### DATA SECTION
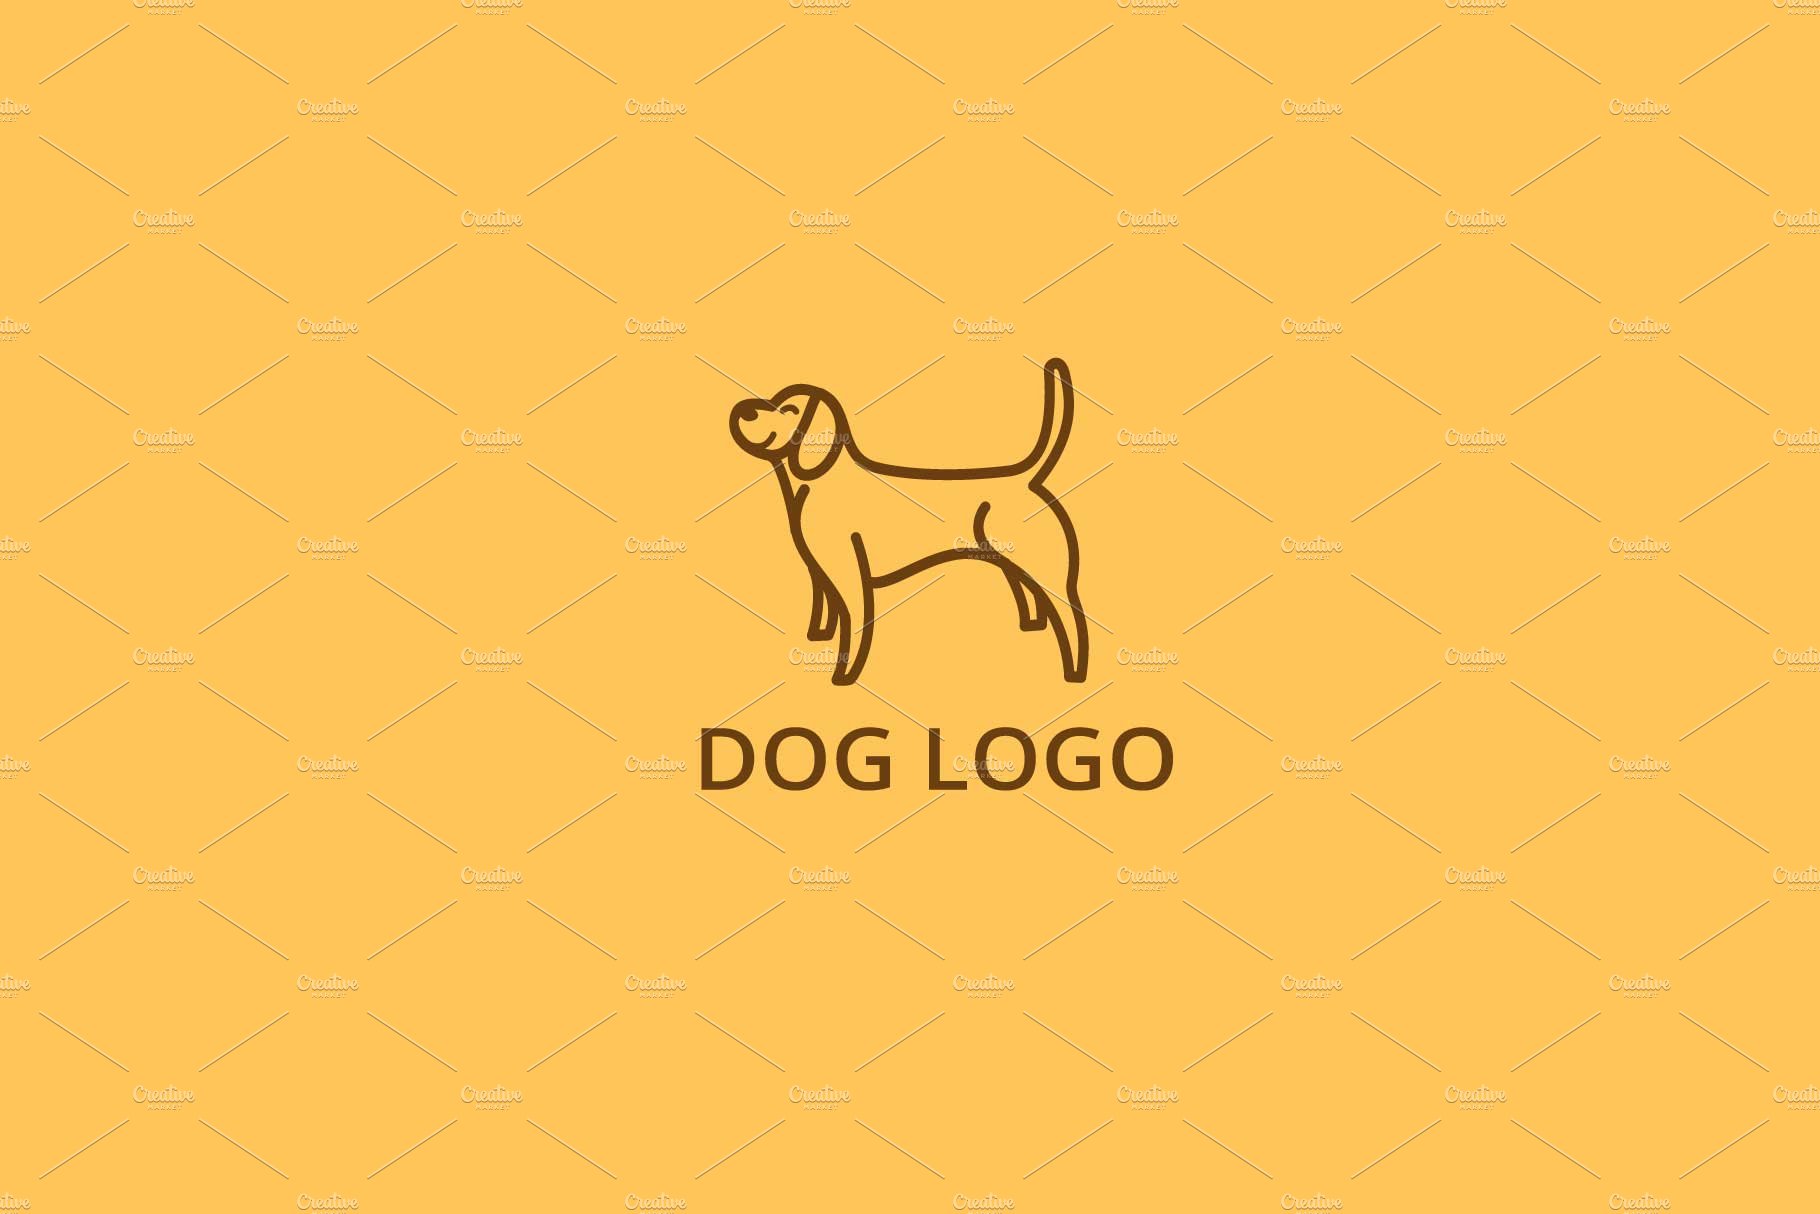 dog logo preview image.
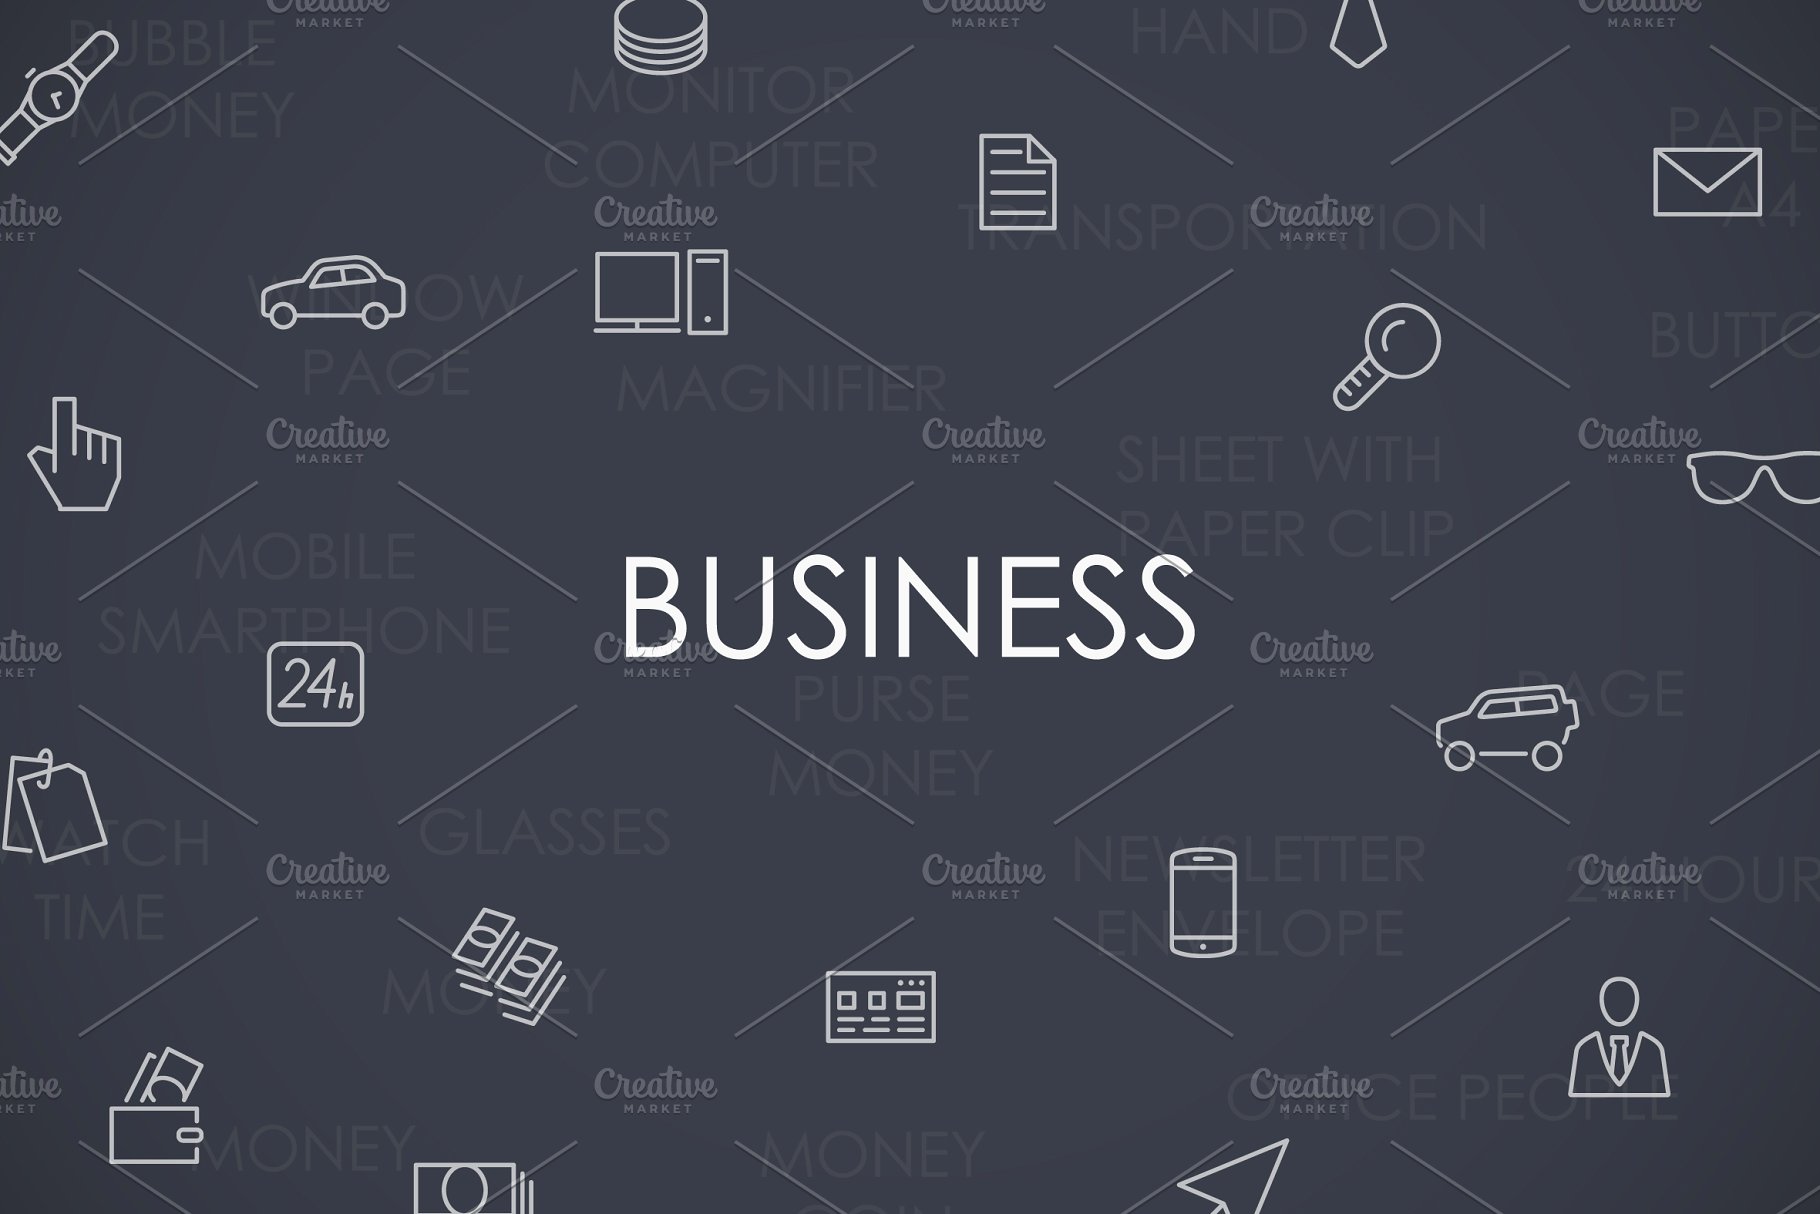 商业时间线图标素材 Business thinline ic
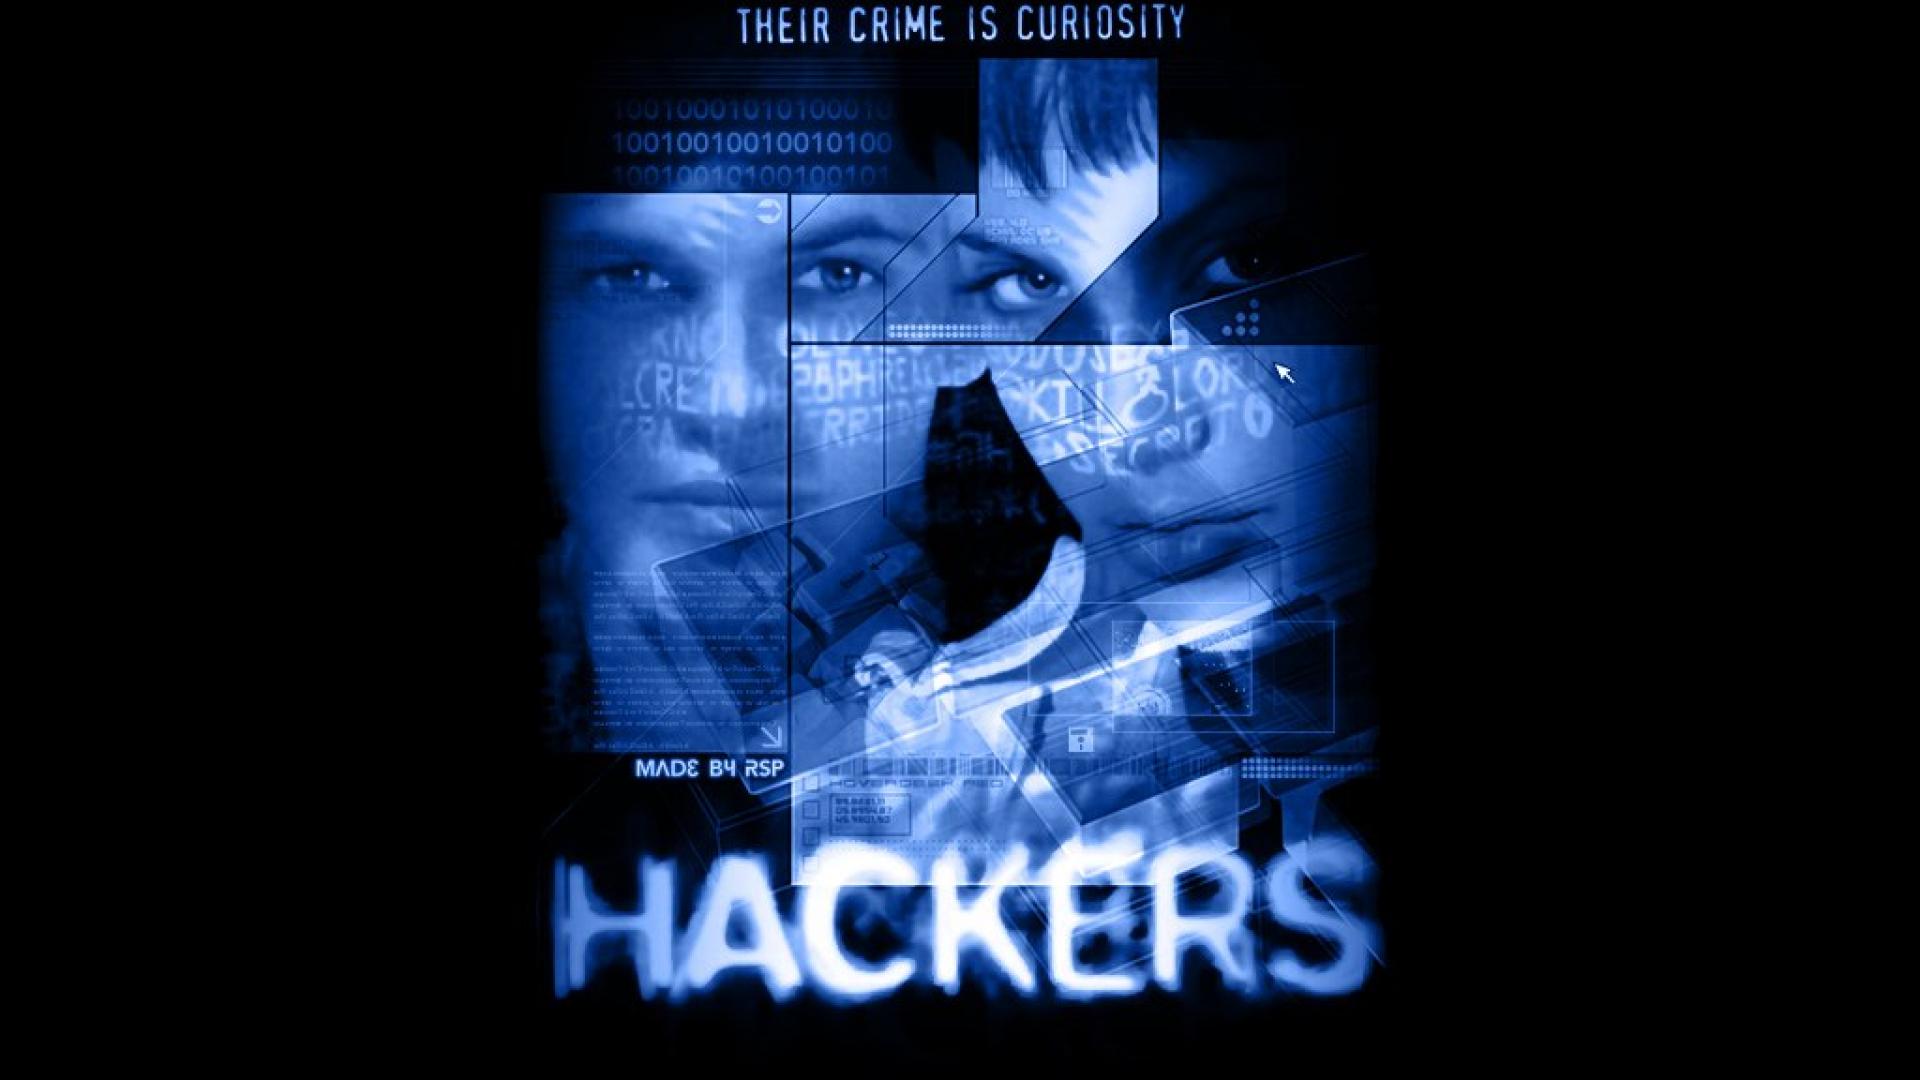 Hackers movie hd wallpaper - HQ Desktop Wallpapers

### PROBLEM DETAILS
Take the listing above and retype it exactly. Its pictures are to be omitted.

### SOLUTION TO THE EXERCISE
 dog logo preview image.
 商业时间线图标素材 Business thinline ic
 Hackers movie hd wallpaper - HQ Desktop Wallpapers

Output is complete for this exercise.